(Stored data)
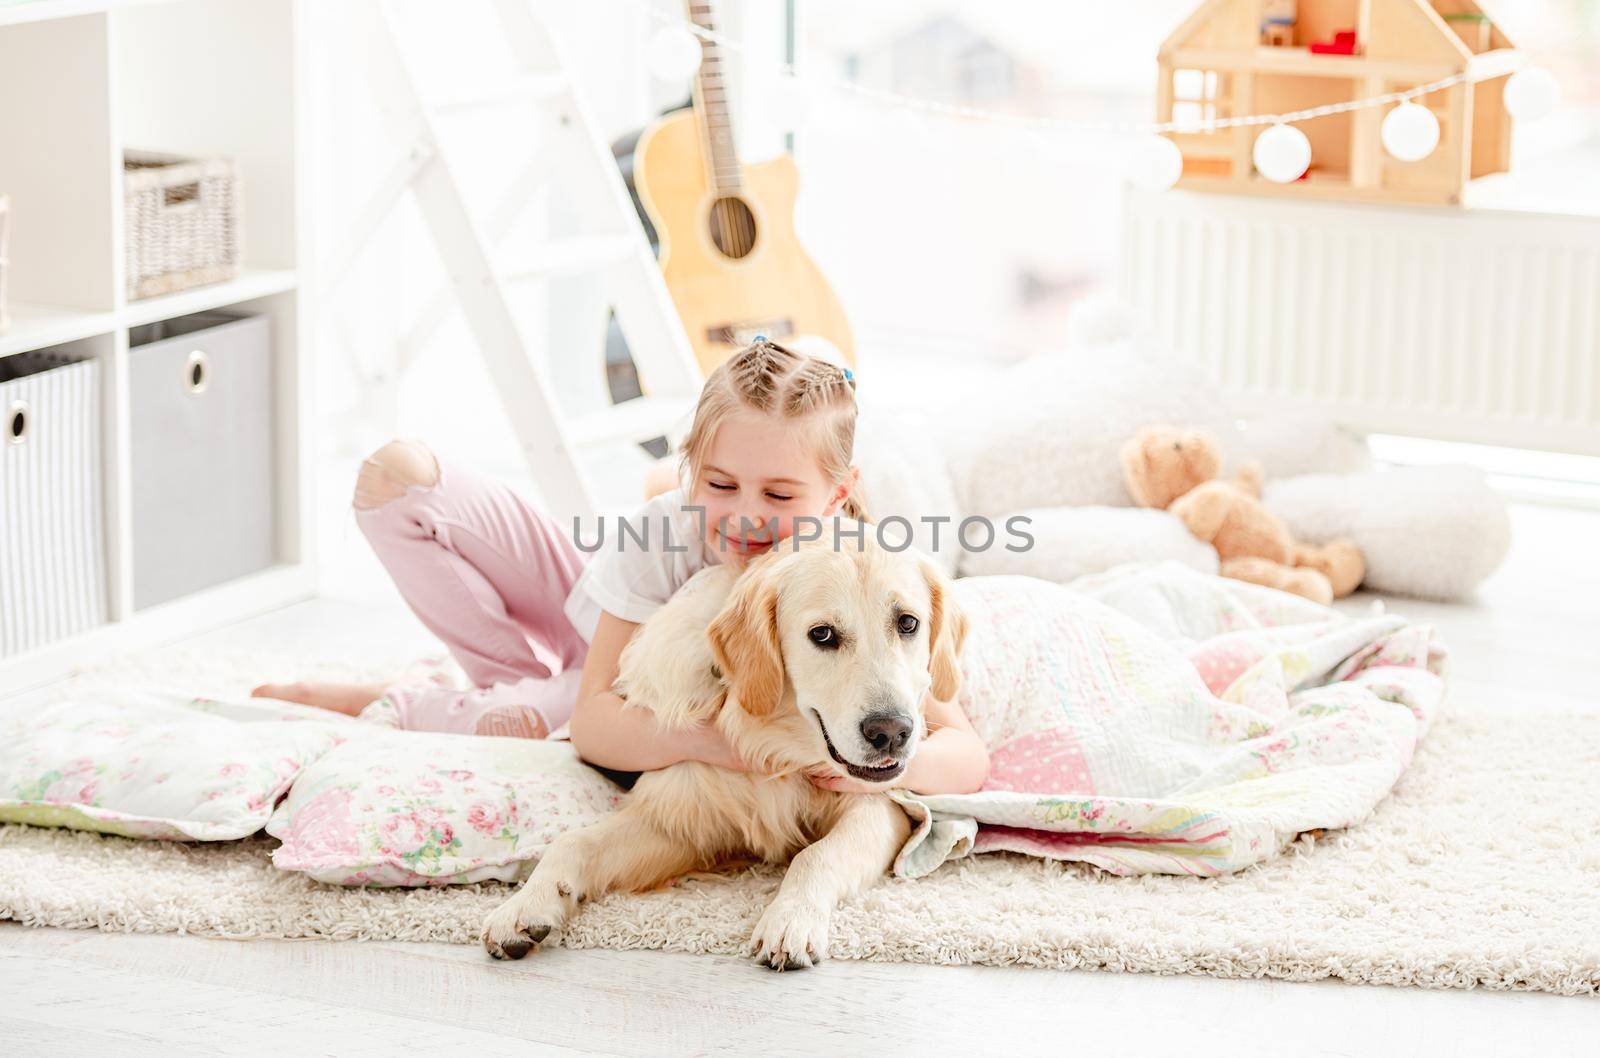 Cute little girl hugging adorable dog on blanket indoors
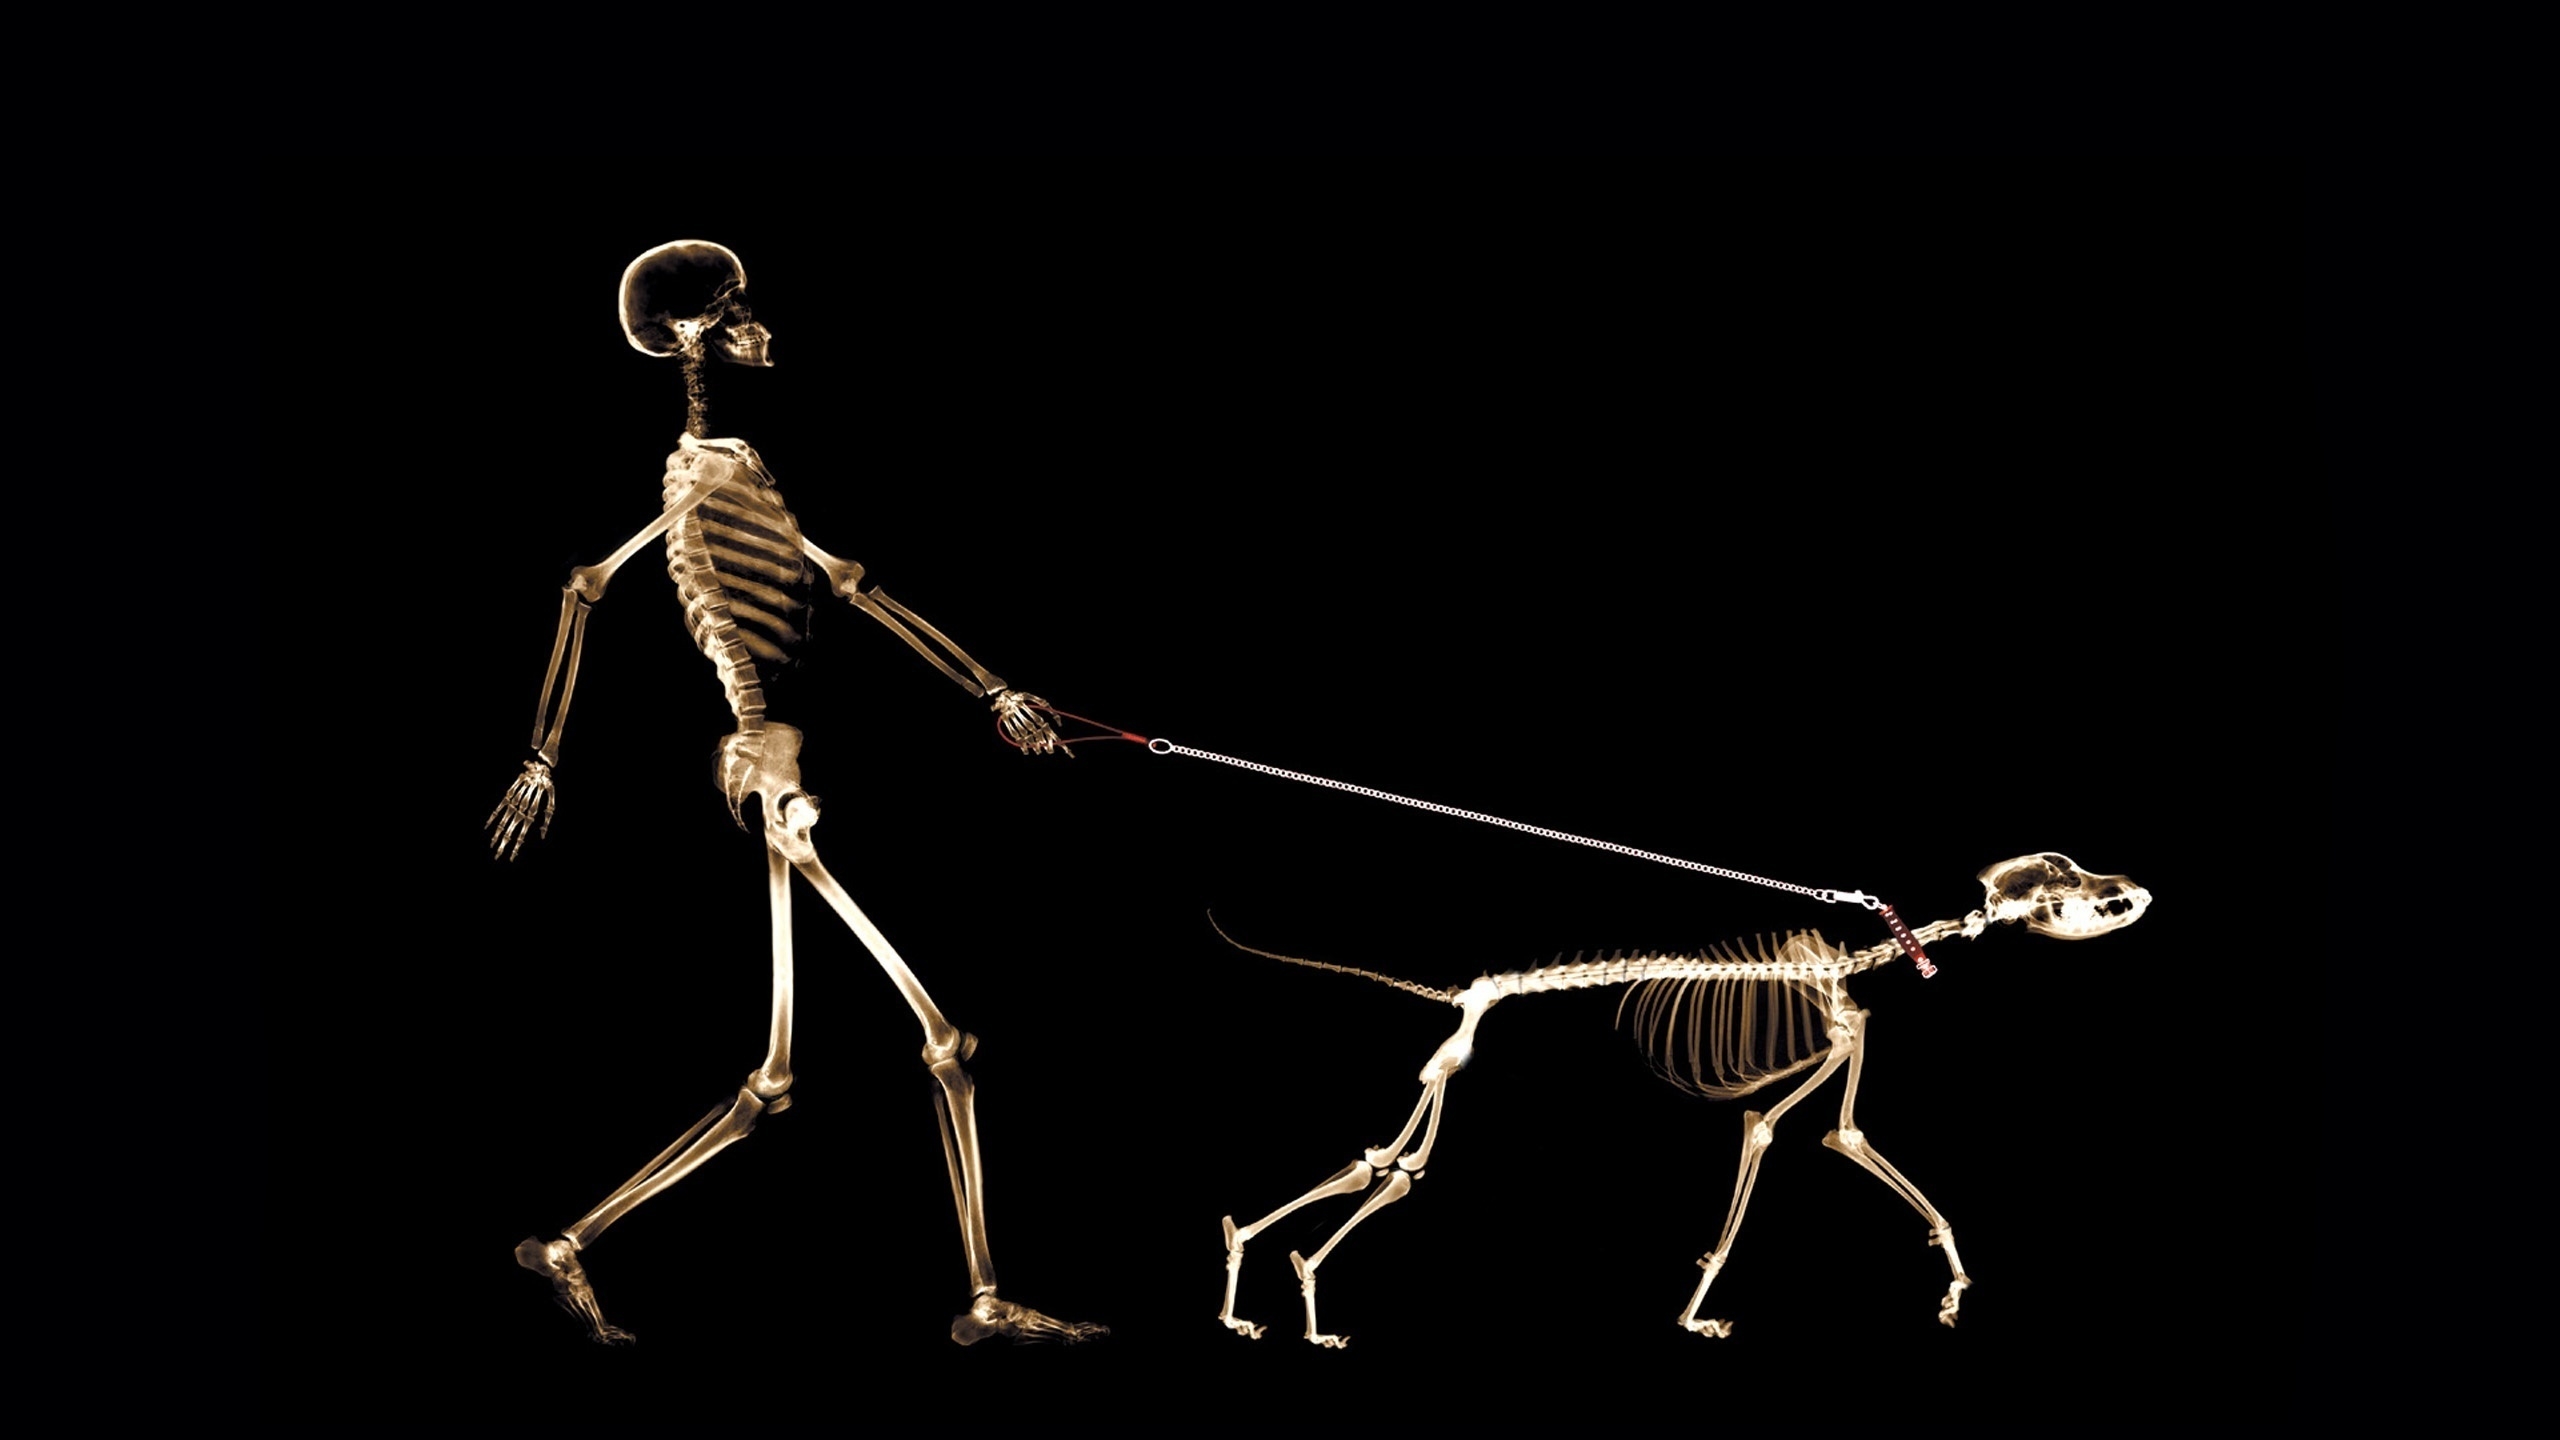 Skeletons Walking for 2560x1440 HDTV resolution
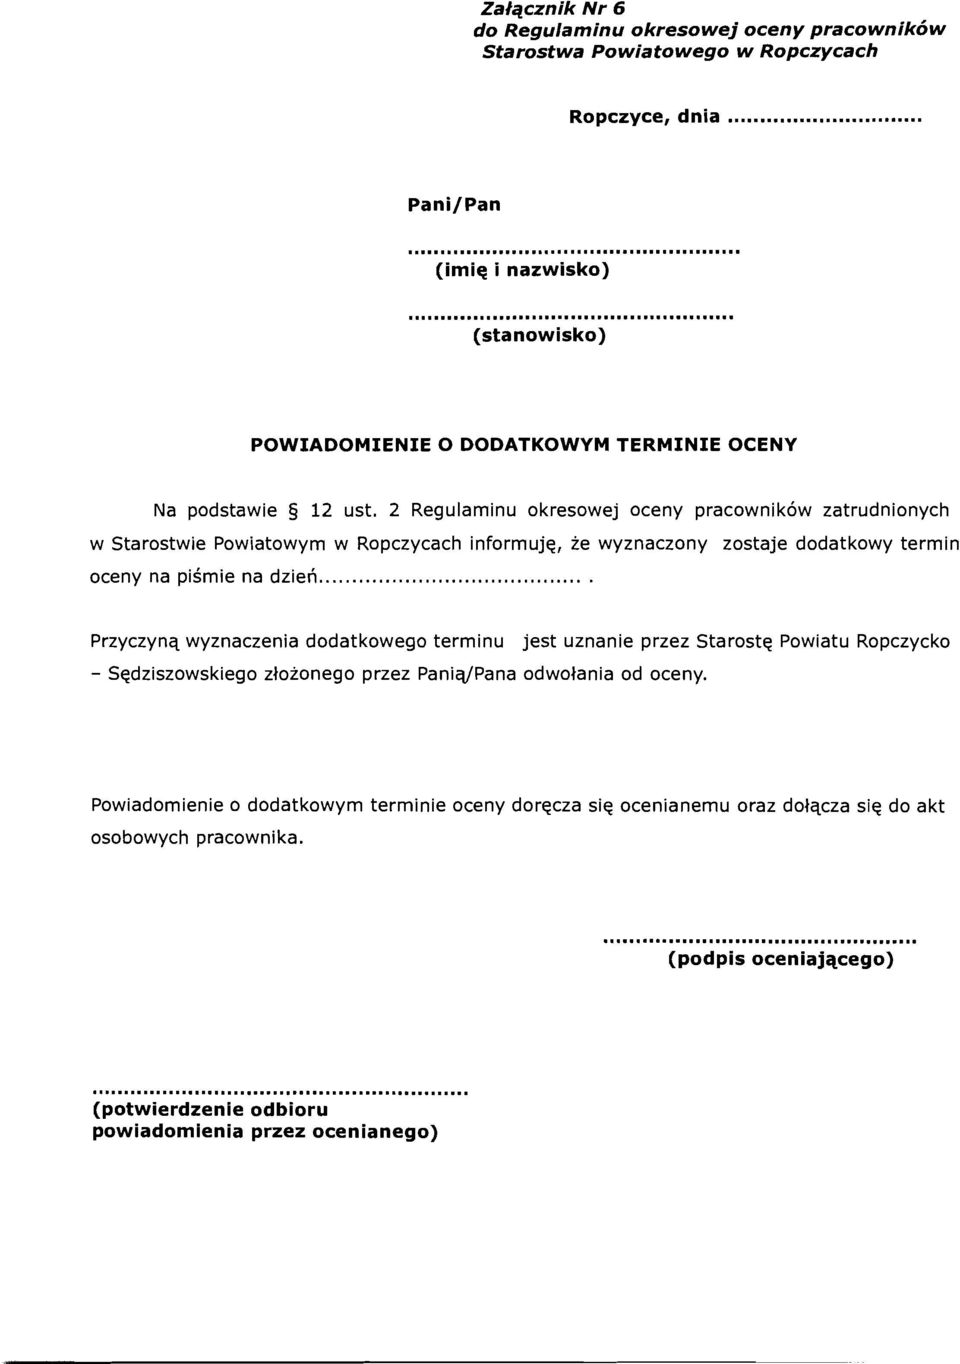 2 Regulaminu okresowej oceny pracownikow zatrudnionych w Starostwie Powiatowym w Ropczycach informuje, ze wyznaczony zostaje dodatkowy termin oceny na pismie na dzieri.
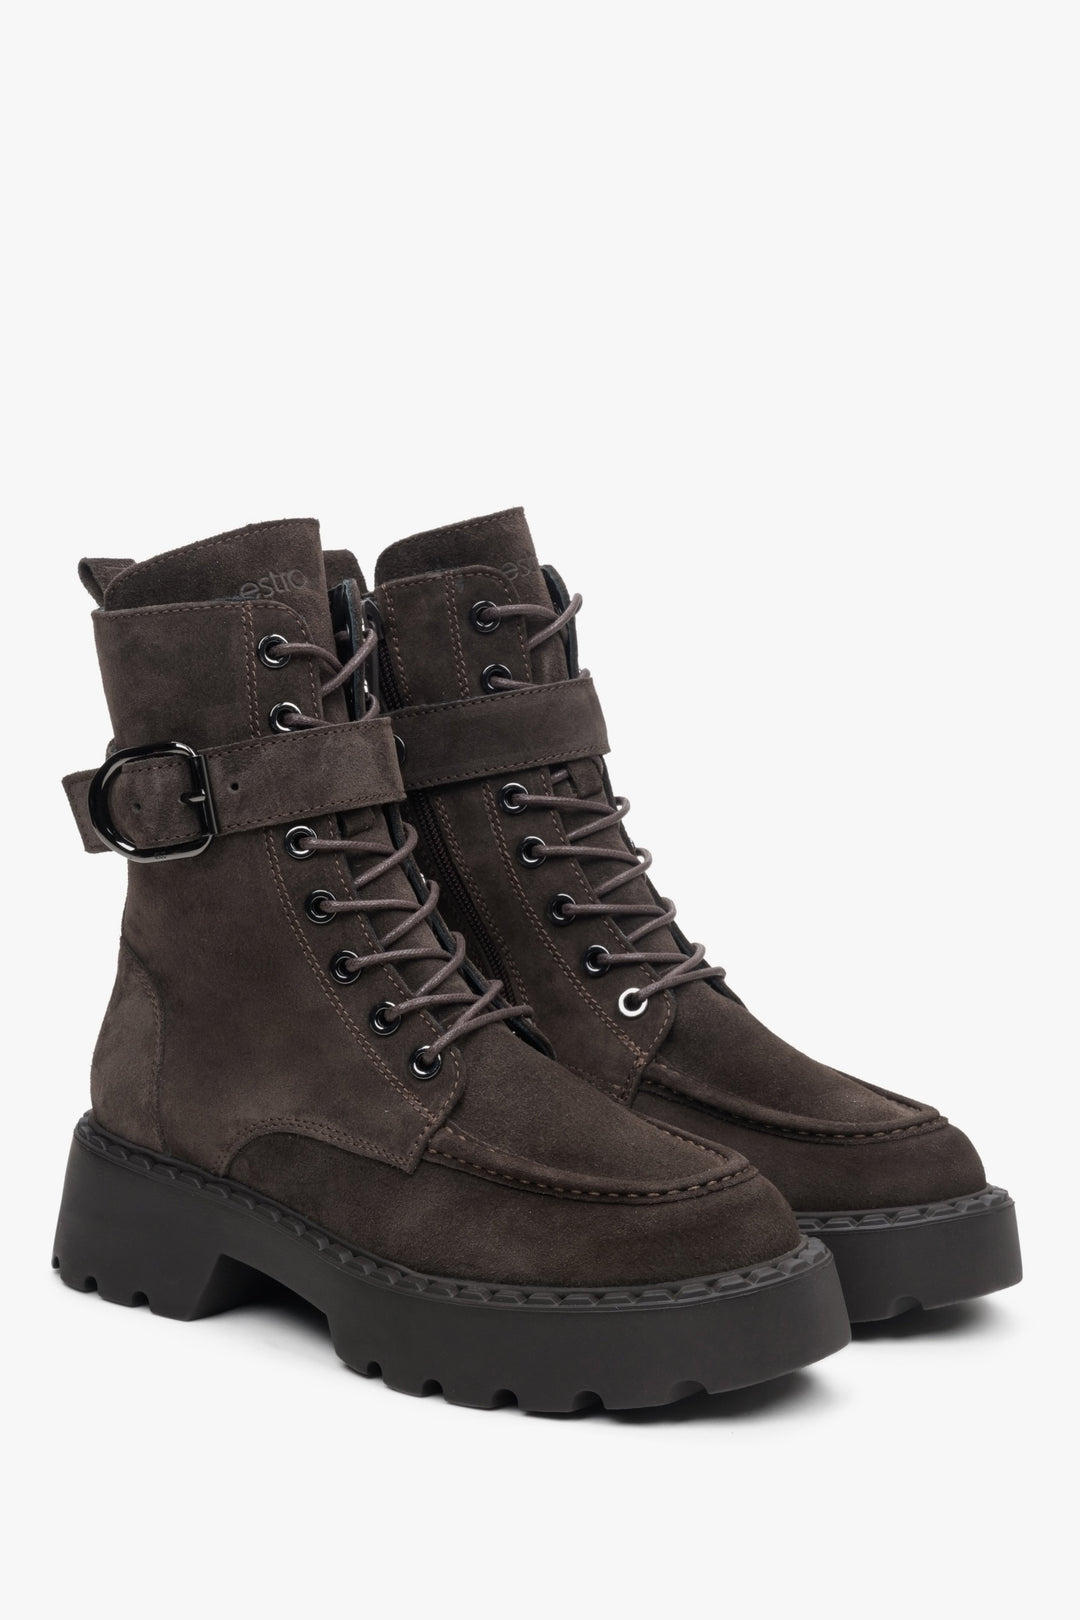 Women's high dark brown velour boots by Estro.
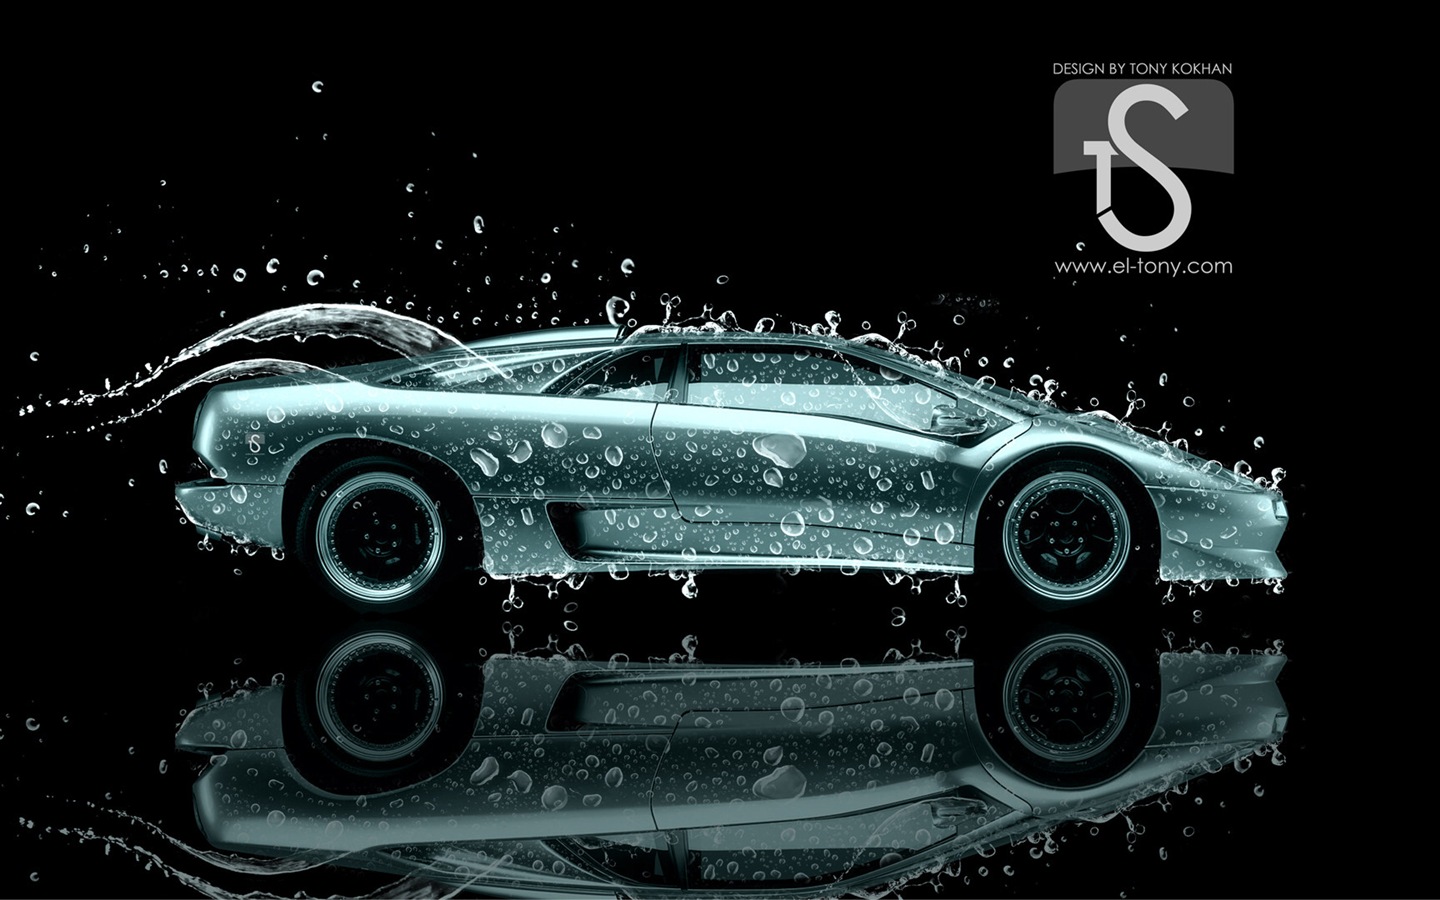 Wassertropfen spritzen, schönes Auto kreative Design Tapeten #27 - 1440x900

**WHAT THE TASK ASKS:** What is needed here is an exact copy of every record, with the pictures left out.

**RESPONSE TO THIS EXERCISE:**
 Cute little girl hugging adorable dog on blanket indoors
 Skeletons Walking for 2560x1440 HDTV resolution
 2 Regulaminu okresowej oceny pracownikow zatrudnionych w Starostwie Powiatowym w Ropczycach informuje, ze wyznaczony zostaje dodatkowy termin oceny na pismie na dzieri.
 Women's high dark brown velour boots by Estro.
 Wassertropfen spritzen, schönes Auto kreative Design Tapeten #27 - 1440x900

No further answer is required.